> GIVEN ENTRIES
**********
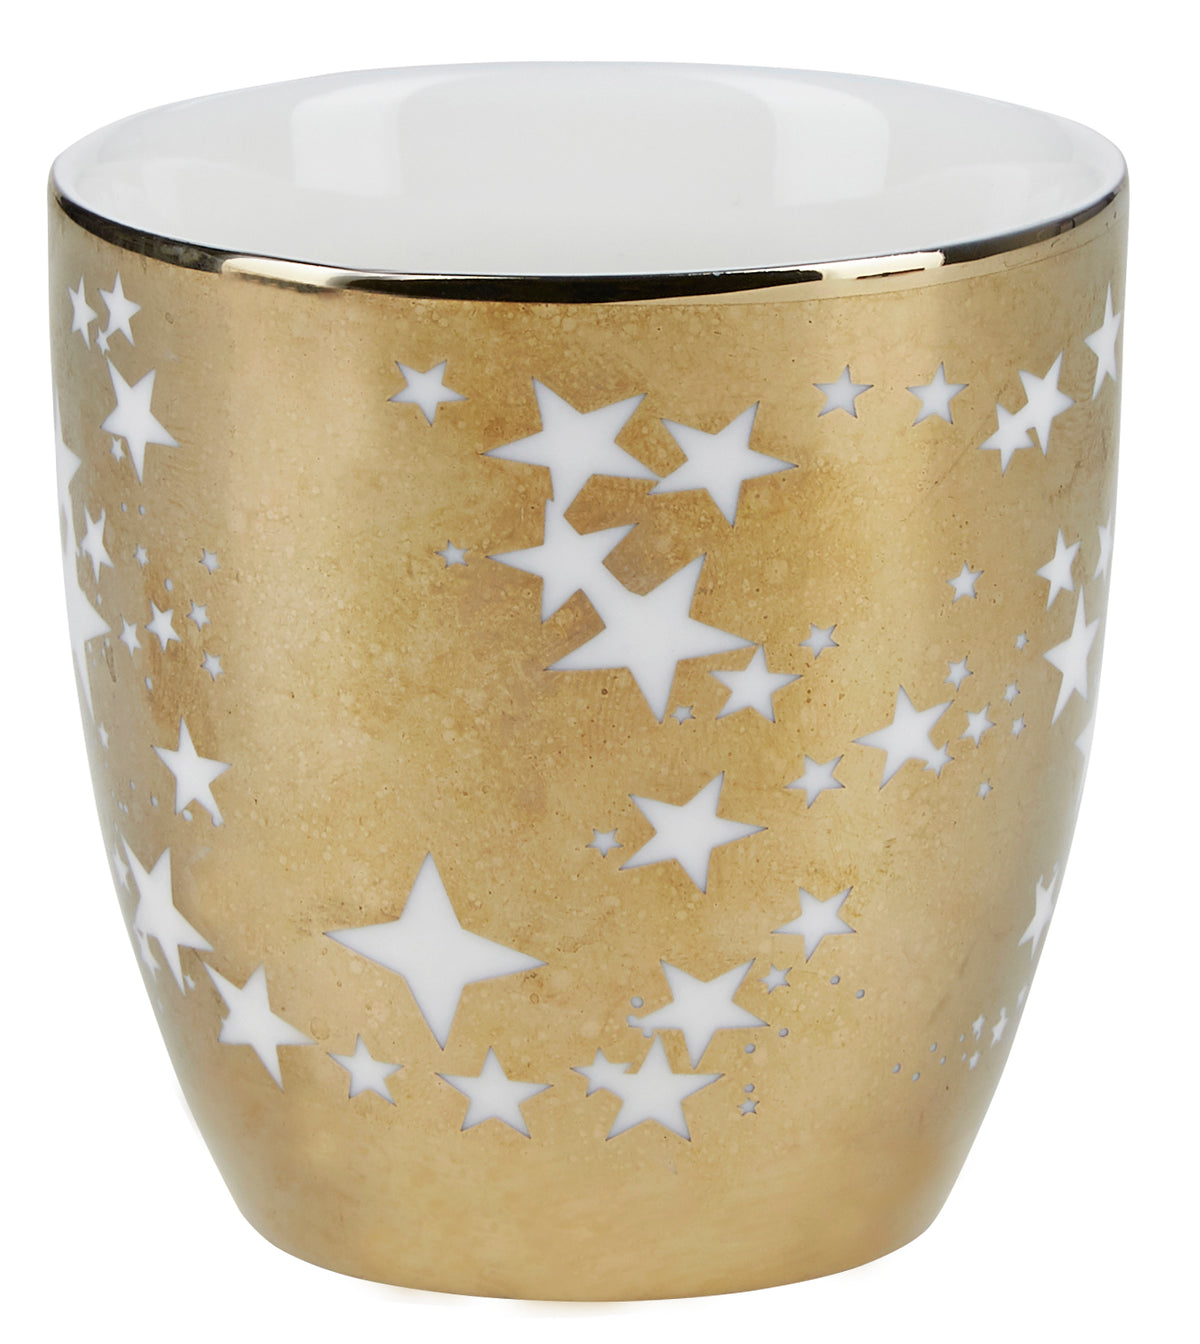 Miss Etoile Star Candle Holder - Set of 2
**********
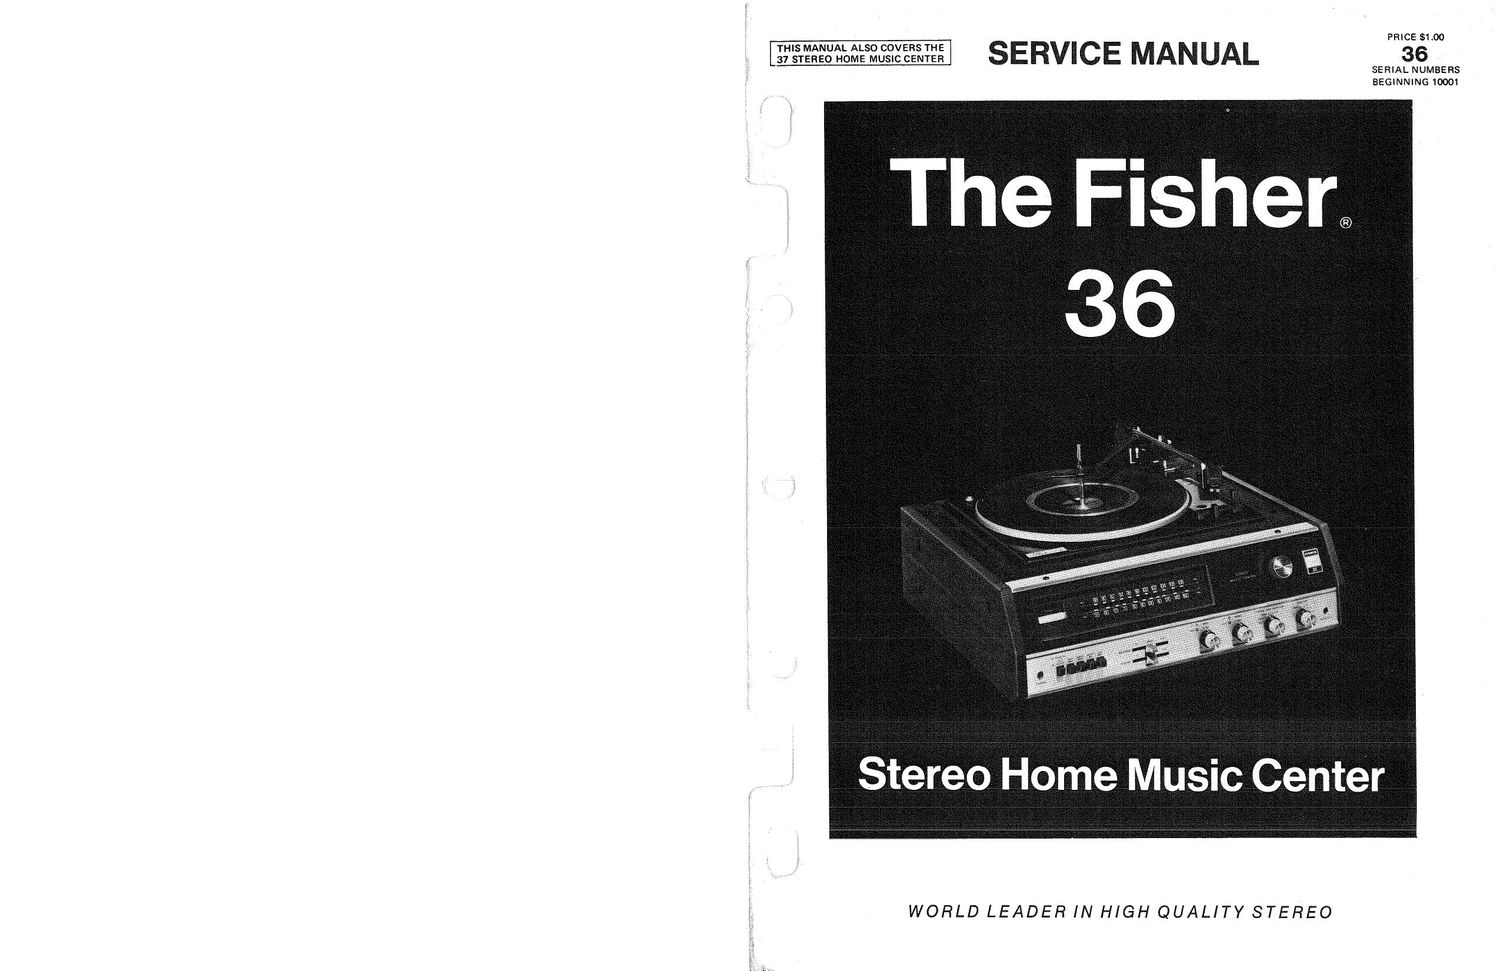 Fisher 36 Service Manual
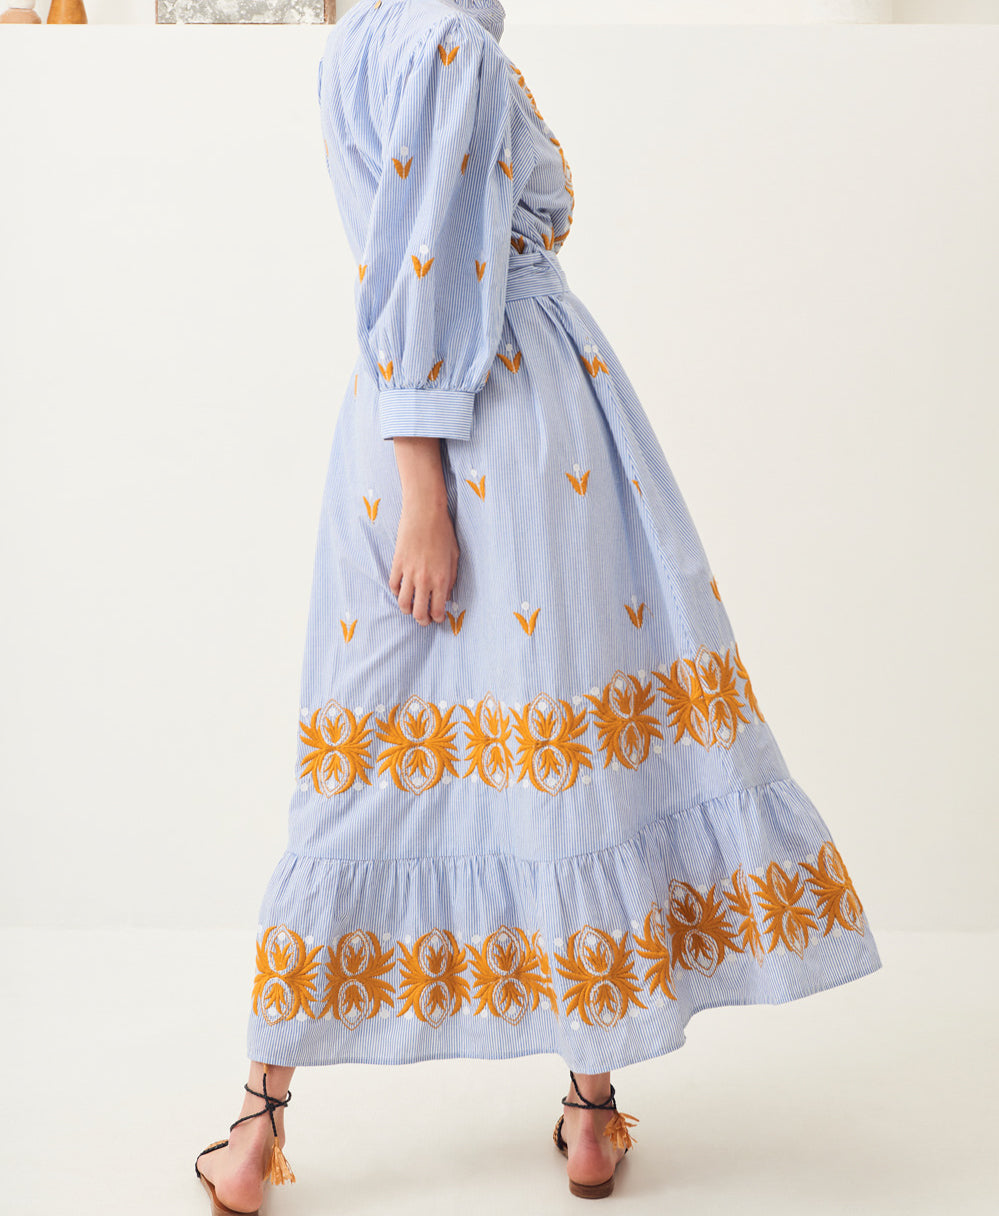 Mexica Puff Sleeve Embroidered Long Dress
**********
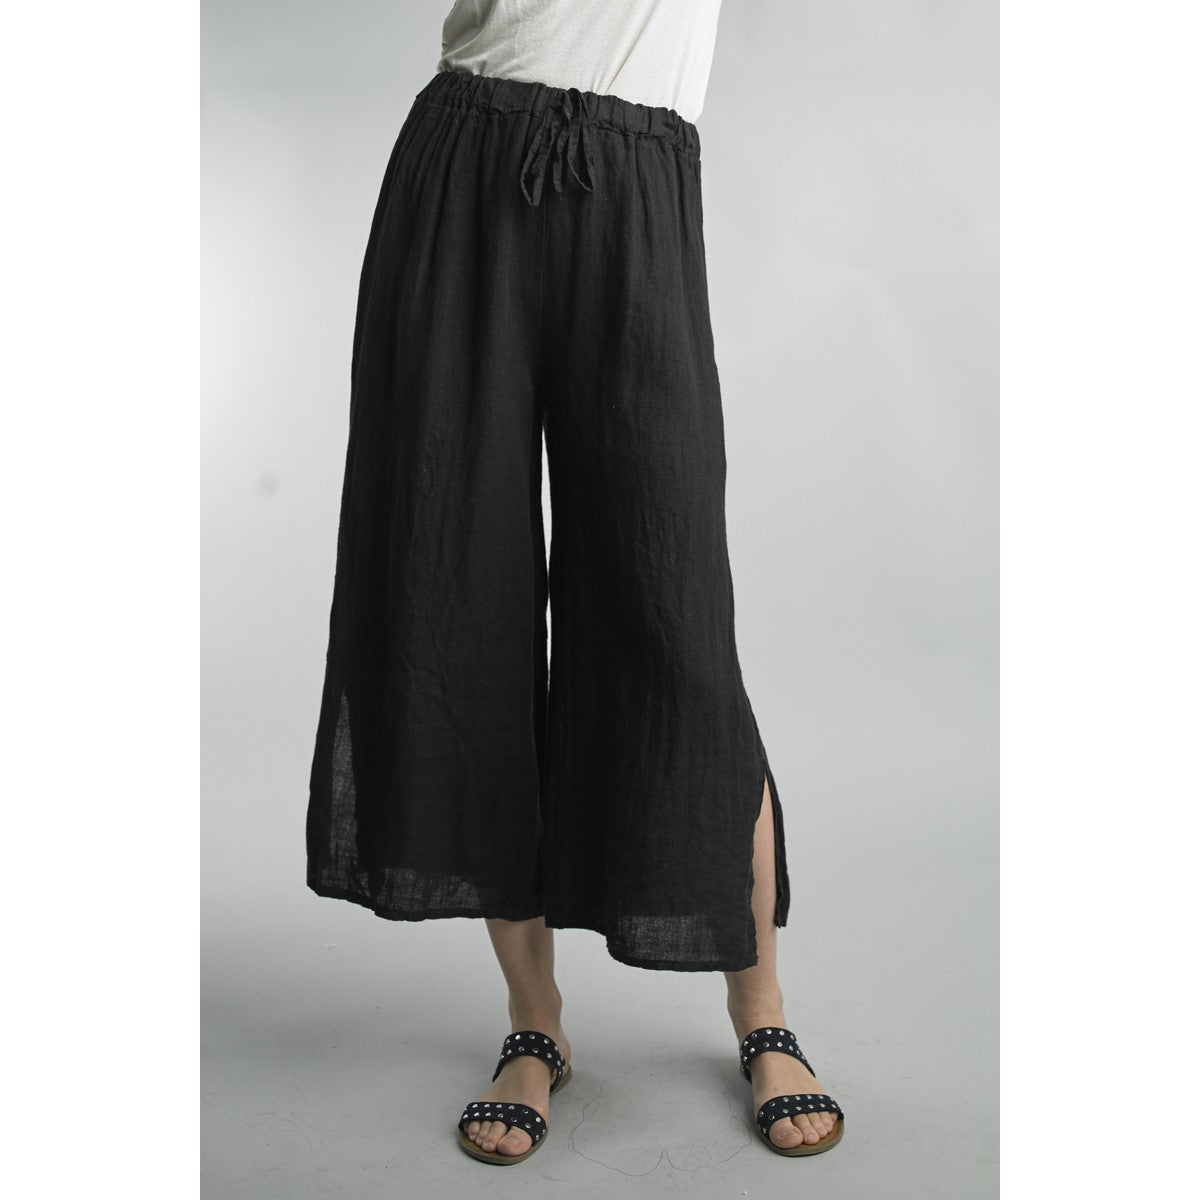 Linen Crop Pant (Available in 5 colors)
**********
> TASK PROMPT
What is wanted is an exact copy of the lines above from the one containing "Fisher 36 Service Manual" through the one containing "Mexica Puff Sleeve Embroidered Long Dress", with no pictures in it.

> EXERCISE SOLUTION
 Fisher 36 Service Manual
 Mexica Puff Sleeve Embroidered Long Dress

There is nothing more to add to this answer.